In the past, data collection in astronomy was a manual and time-consuming job for humans, but with the advancement of technology and automation, today the amount of data collected by observing the sky is almost unimaginable. Looking back 20 years, efforts such as the Sloan Digital Sky Survey (SDSS) [3], Pan-STARRS [4], and the Large Synatopic Survey Telescope (LSST) [5], have shifted from individualized data collection to studying larger parts of the sky and wider wavelength ranges of light, e.g., collecting data on more events, objects, and larger areas of the sky through larger areas and better light detectors. SDSS is one of the largest astronomical surveys today. Every night the SDSS telescope collects 200 GB of data, while there are telescopes that collect up to 90 terabytes of data every night (Table 1) [6]. Due to the enormous amount of data collected, astronomers struggle with more than 100 to 200 petabytes of data per year, which requires a large storage infrastructure.

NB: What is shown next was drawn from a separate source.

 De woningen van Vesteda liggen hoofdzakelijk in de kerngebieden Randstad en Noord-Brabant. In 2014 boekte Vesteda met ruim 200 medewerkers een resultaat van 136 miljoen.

Therefore, it is crucial to process this large amount of collected data. Such an exponential increase in data provides an ideal opportunity to apply artificial intelligence and machine learning to help process all this data.

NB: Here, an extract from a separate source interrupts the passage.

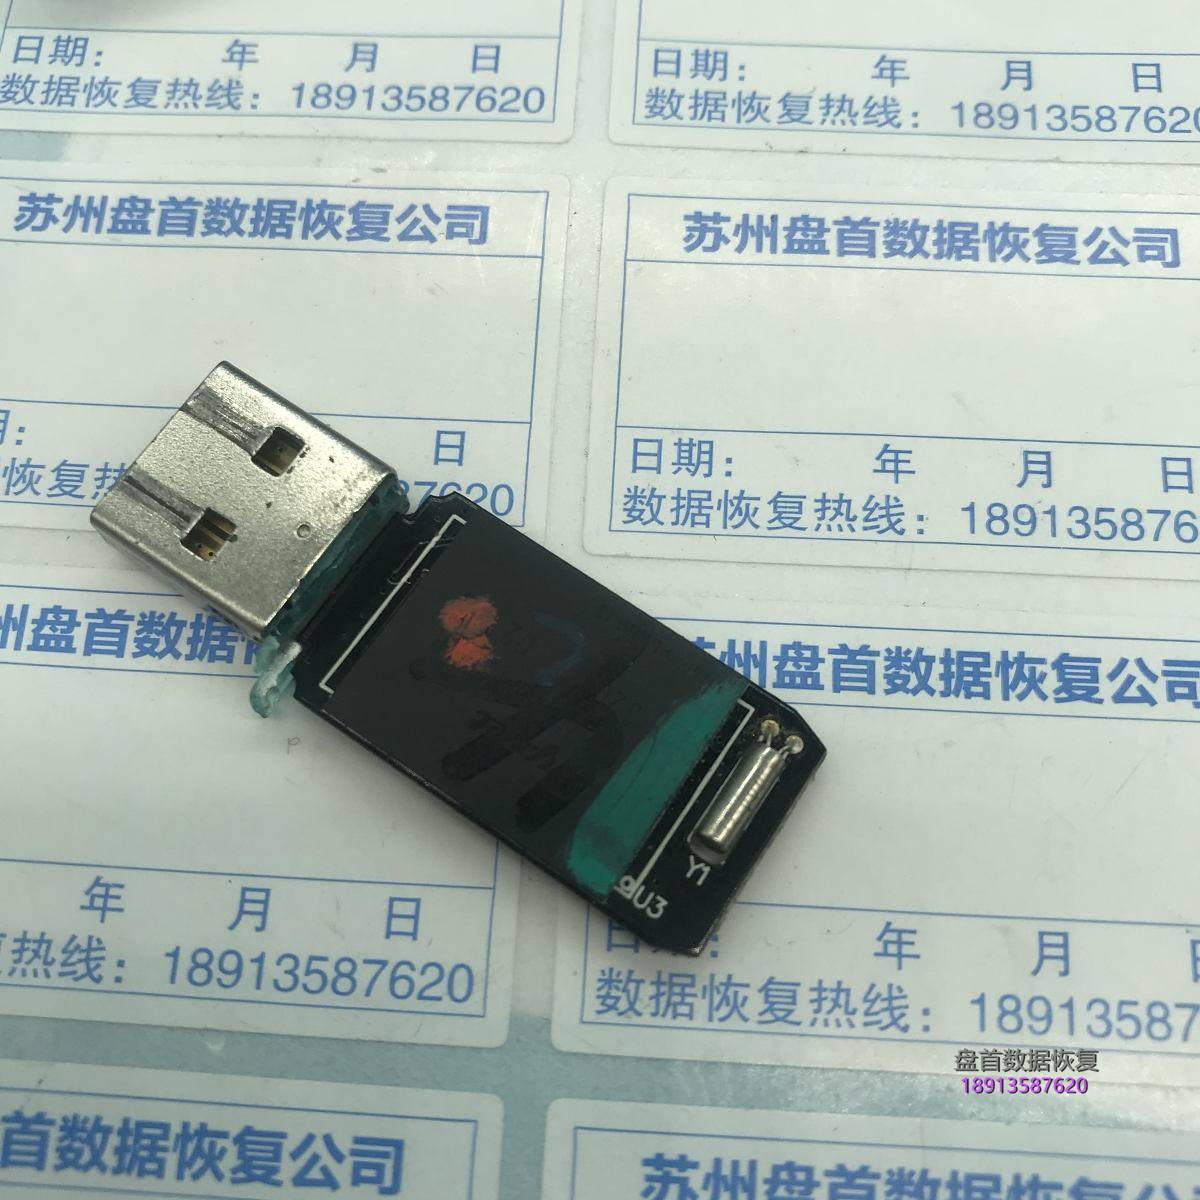 U盘插入电脑显示”无法识别的USB设备”主控AU6985HL数据恢复成功

The application discussed in this paper focuses on data collected from the Magellan spacecraft, which was launched in 1989 and arrived in the orbit of Venus in 1990. During its four years in orbit around Earth’s sister planet, Magellan recorded 98% of the surface of Venus and collected the gravitational data of the planet itself in high resolution using synthetic aperture radar (SAR) [7]. During Magellan’s active operation, about 30,000 images of the surface of Venus were collected, on which there are also numerous volcanoes, but the manual labeling of these images is time-consuming and so far, only 134 images have been processed by geological experts [8]. It is believed that there are more than 1600 large volcanoes on the surface of Venus whose features are known so far, but their number may be over a hundred thousand or even over a million [8,9]. Understanding the global distribution of the volcanoes is critical to understanding the geologic evolution of the planet. Therefore, collecting relevant information, such as volcanoes size, location, and other relevant information, can provide the data that could answer questions about the geophysics of the planet Venus. The sheer volume of collected planetary data makes automated tools necessary if all of the collected data are to be analyzed. It was precisely for this reason that a tool was created using machine learning algorithms that would serve as an aid in labeling such a large amount of data.

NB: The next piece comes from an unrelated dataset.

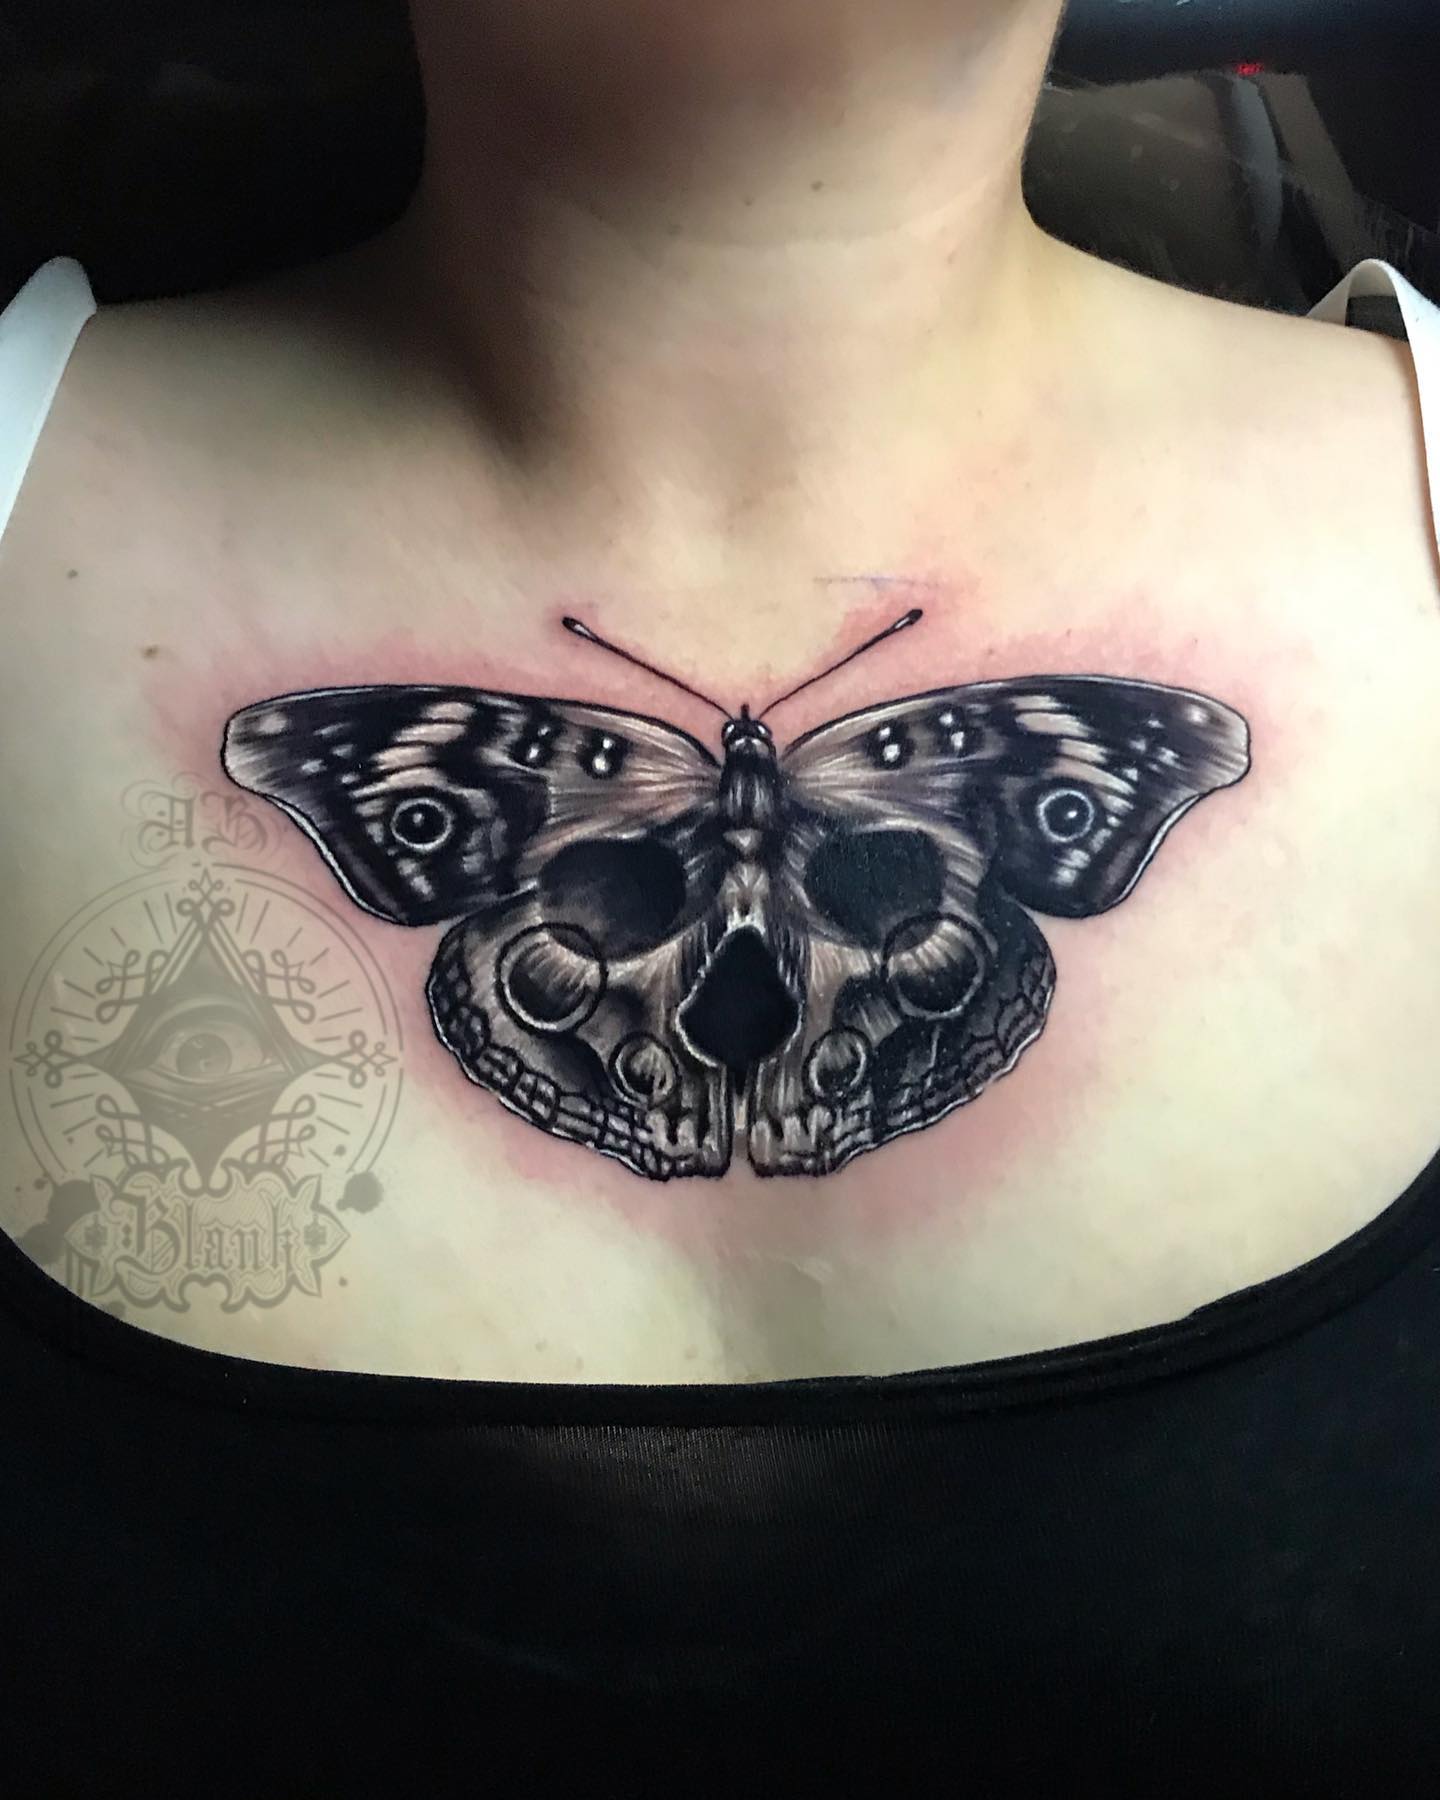 Butterflies by CAR TattooNOW

Burl et al. proposed the JARtool System (JPL Adaptive Recognition Tool) [8], which is a trainable visual recognition system developed for this specific problem. JARtool uses a matched filter derived from training examples, then via principal components analysis (PCA) provides a set of domain-specific features. On top of that, supervised machine learning techniques are applied to classify the data into two classes (volcano or non-volcano). For detecting possible volcanic locations, JARtool’s first component is the focus of attention (FOA) algorithm [10], which outputs a discrete list of possible volcanic locations. Later mentioned, the investigation is concluded using a combination of classifiers in which each classifier is trained to detect a different volcano subclass. In their experiments, each label is counted as a volcano regardless of the assigned confidence (volcanoes are classified depending on their confidence score). Experiments were performed on two types of Magellan data products, Homogeneous and Heterogeneous images. Homogeneous images represent images that are relatively similar in appearance (homogeneous) and are mostly from the same area. Heteregoeneus images represent images chosen from random locations, and those images contained a significantly greater variety in appearance. The JARtool system performed relatively well on homogeneous image sets in the 50–64% range of detected volcanoes (one class, regardless of the classification), while performance on heterogeneous image sets was in the 35–40% range.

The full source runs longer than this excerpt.